The task » Take the material below and extract the lines from the one with "ontario's premier ski" through the one with "C8alamycomcompfrmw6akbclip Art Panda", word for word, without pictures.

Data listing »
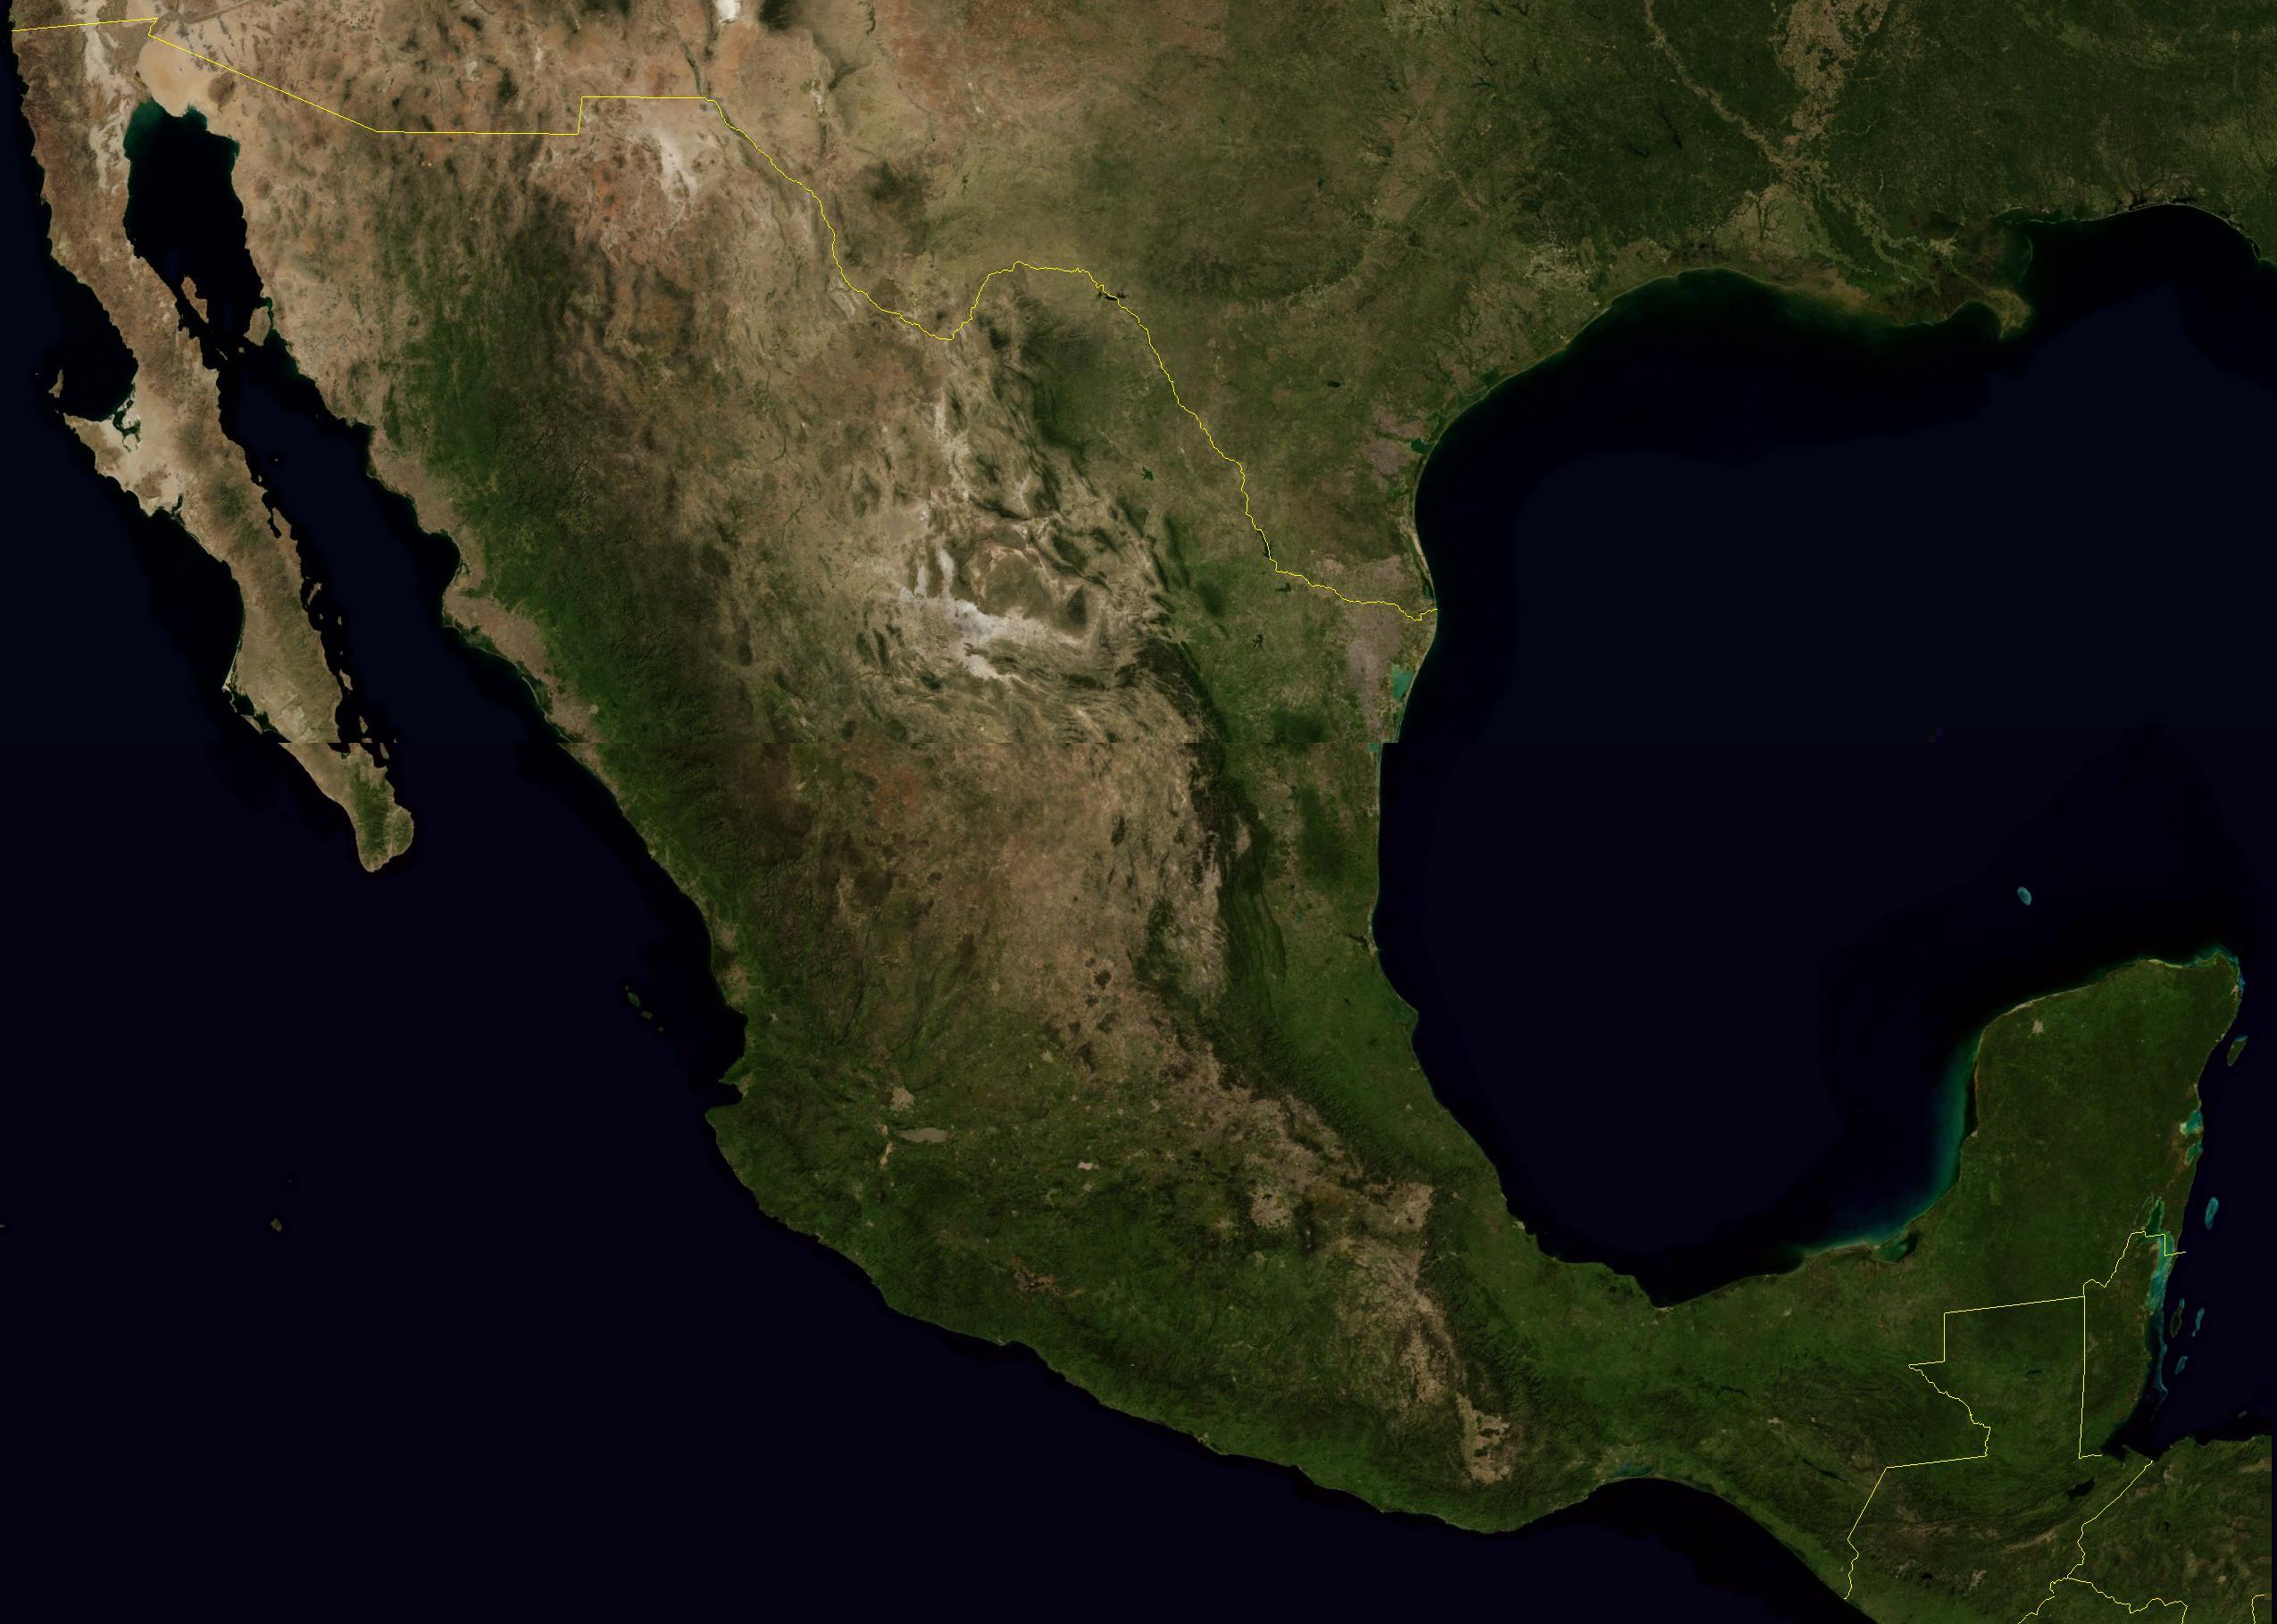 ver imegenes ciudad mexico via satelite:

* * *

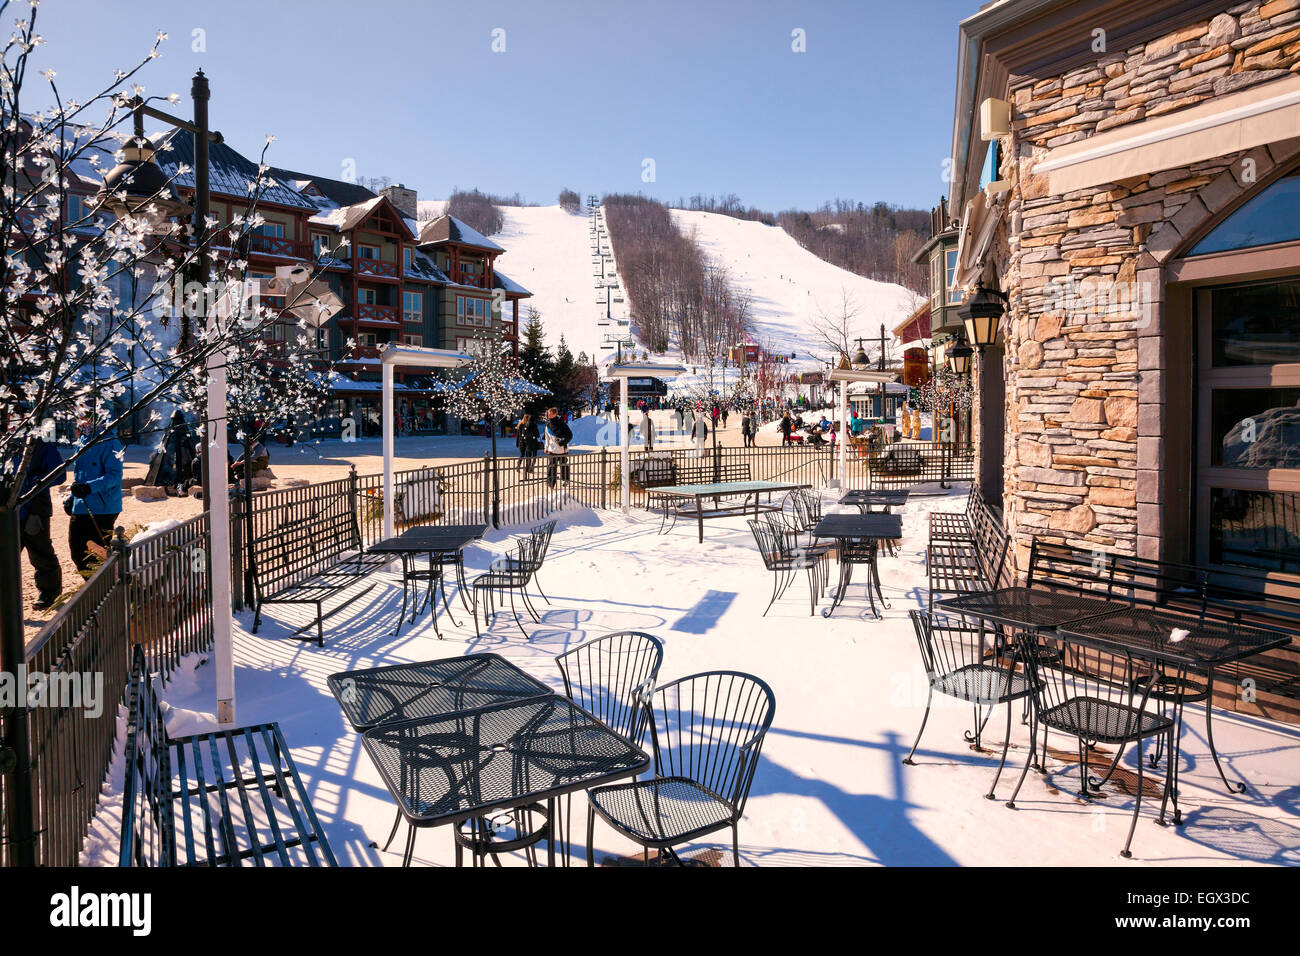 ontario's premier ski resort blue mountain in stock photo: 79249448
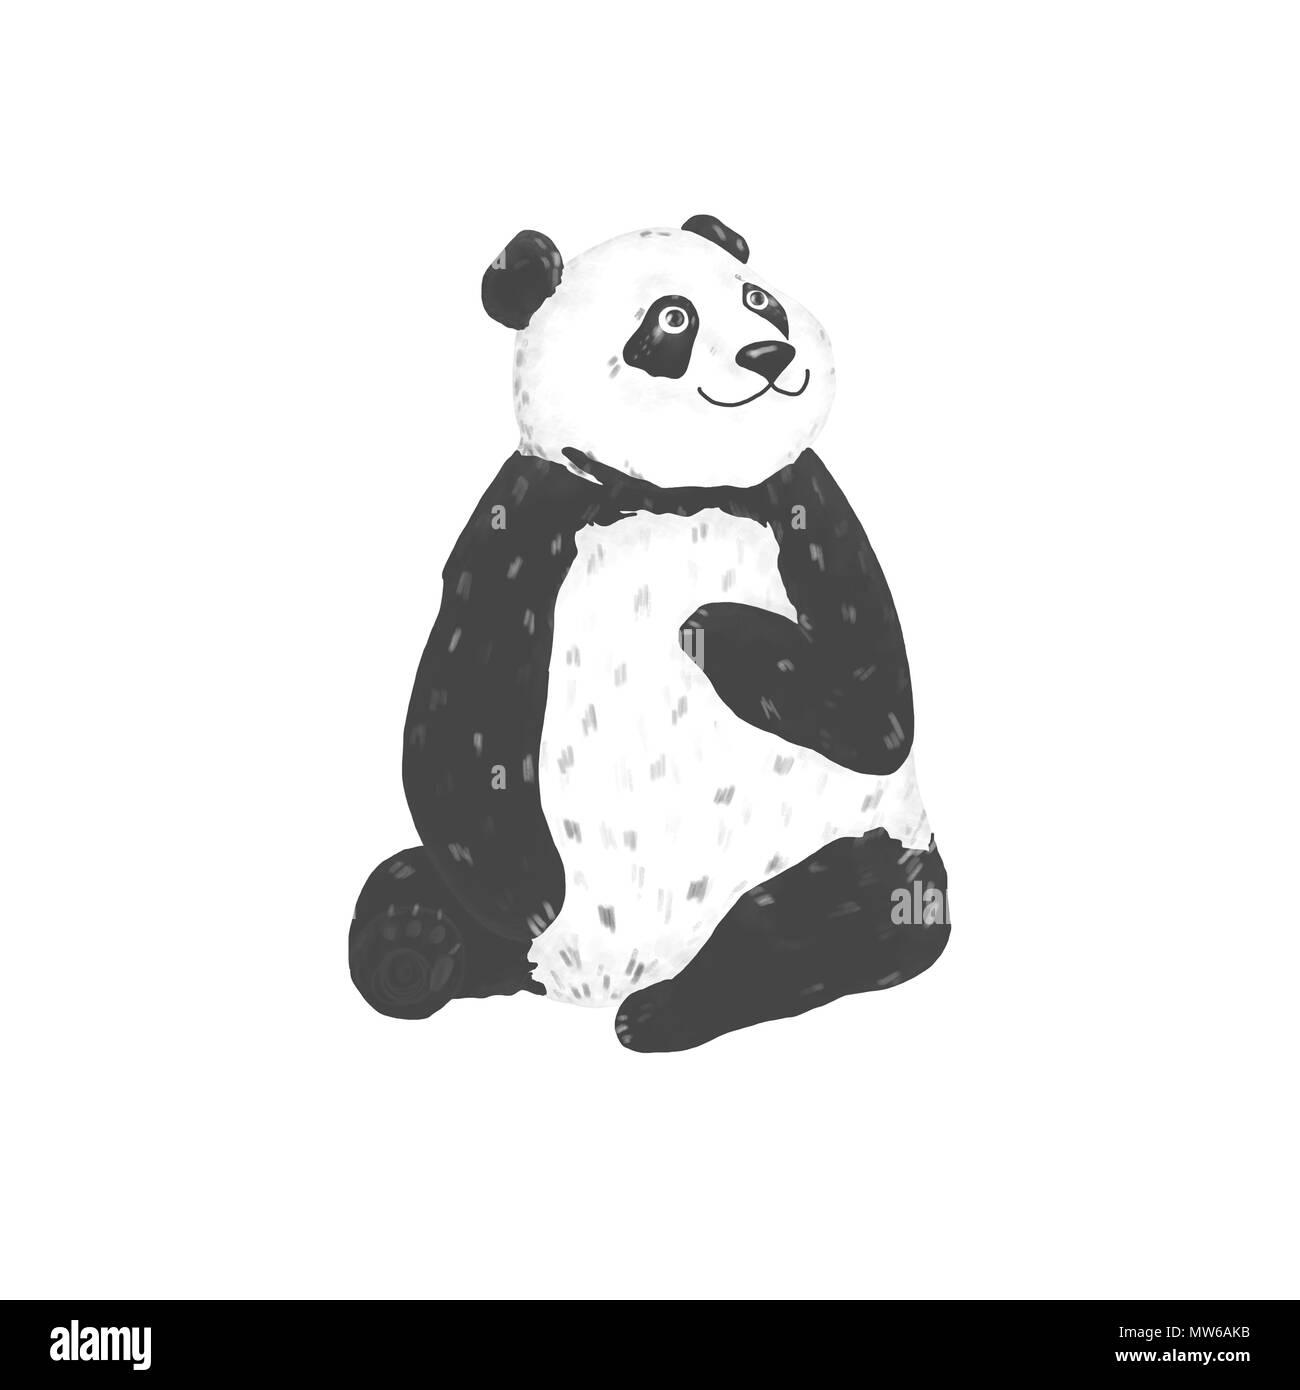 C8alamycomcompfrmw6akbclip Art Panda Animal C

...

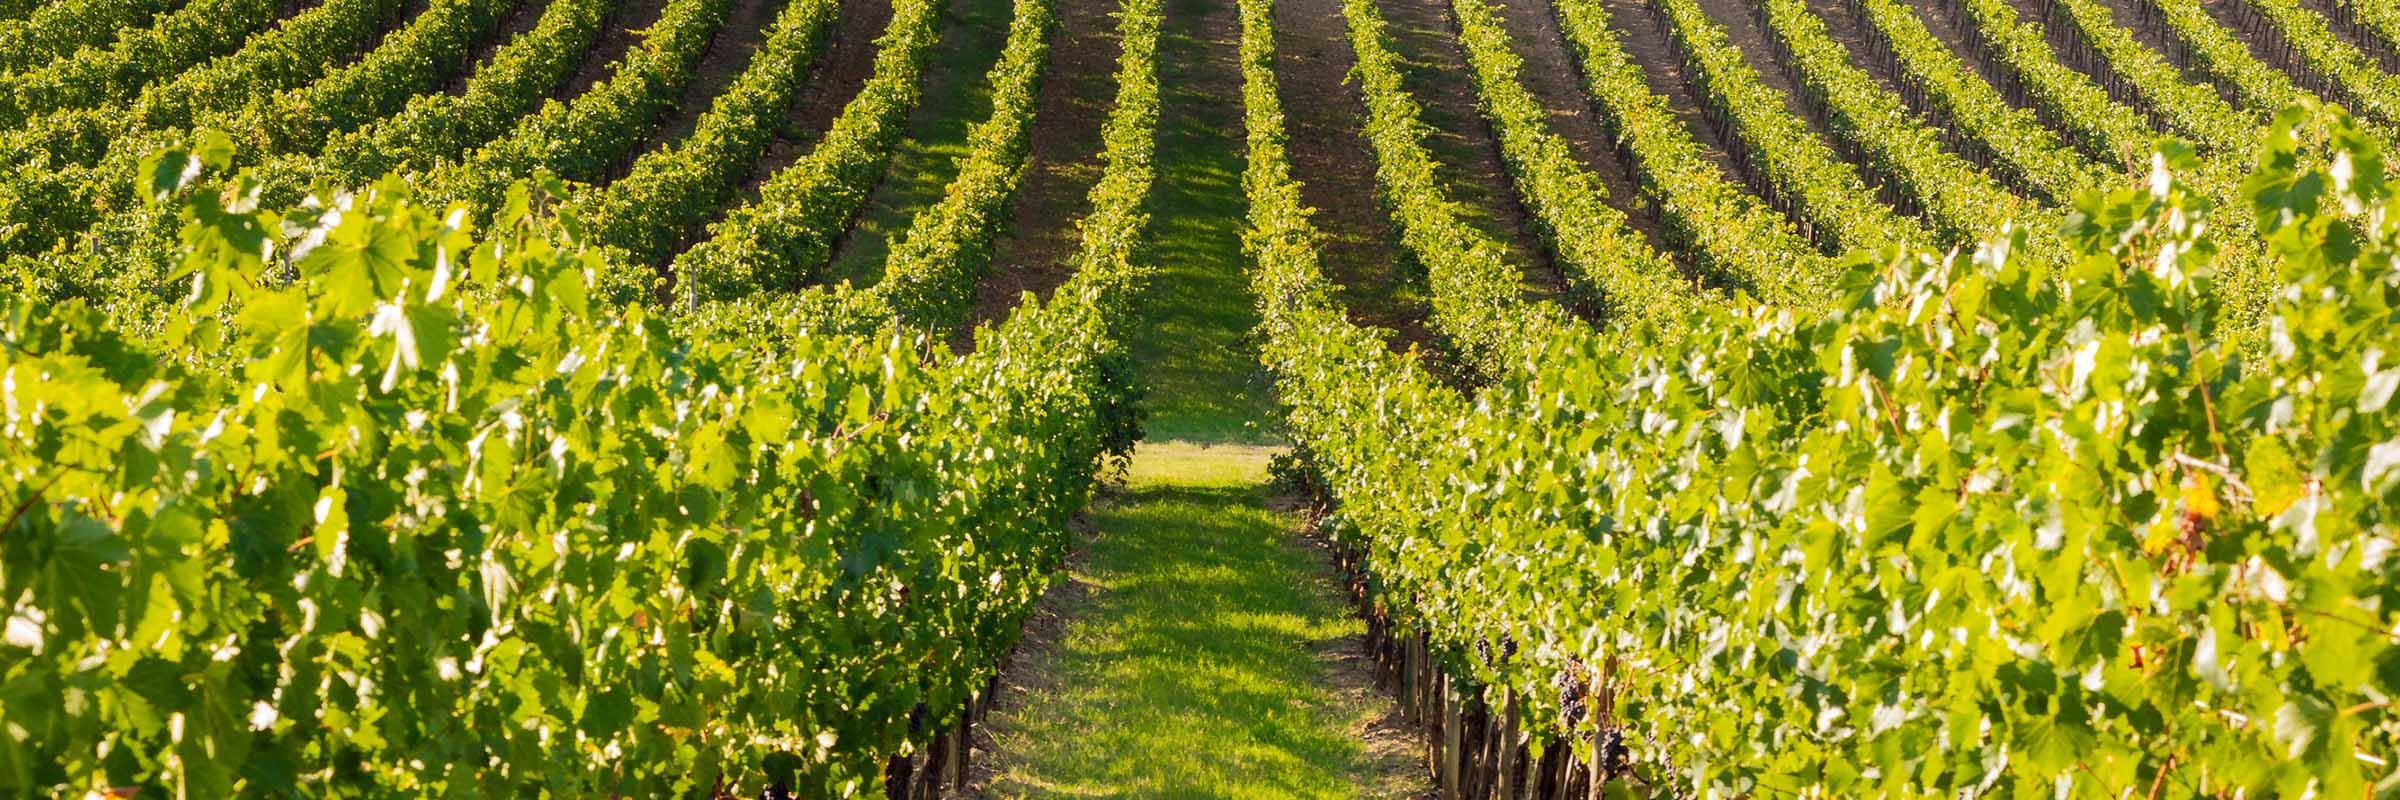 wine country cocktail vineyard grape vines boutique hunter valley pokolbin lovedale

Output of the task »
 ontario's premier ski resort blue mountain in stock photo: 79249448
 C8alamycomcompfrmw6akbclip Art Panda Animal C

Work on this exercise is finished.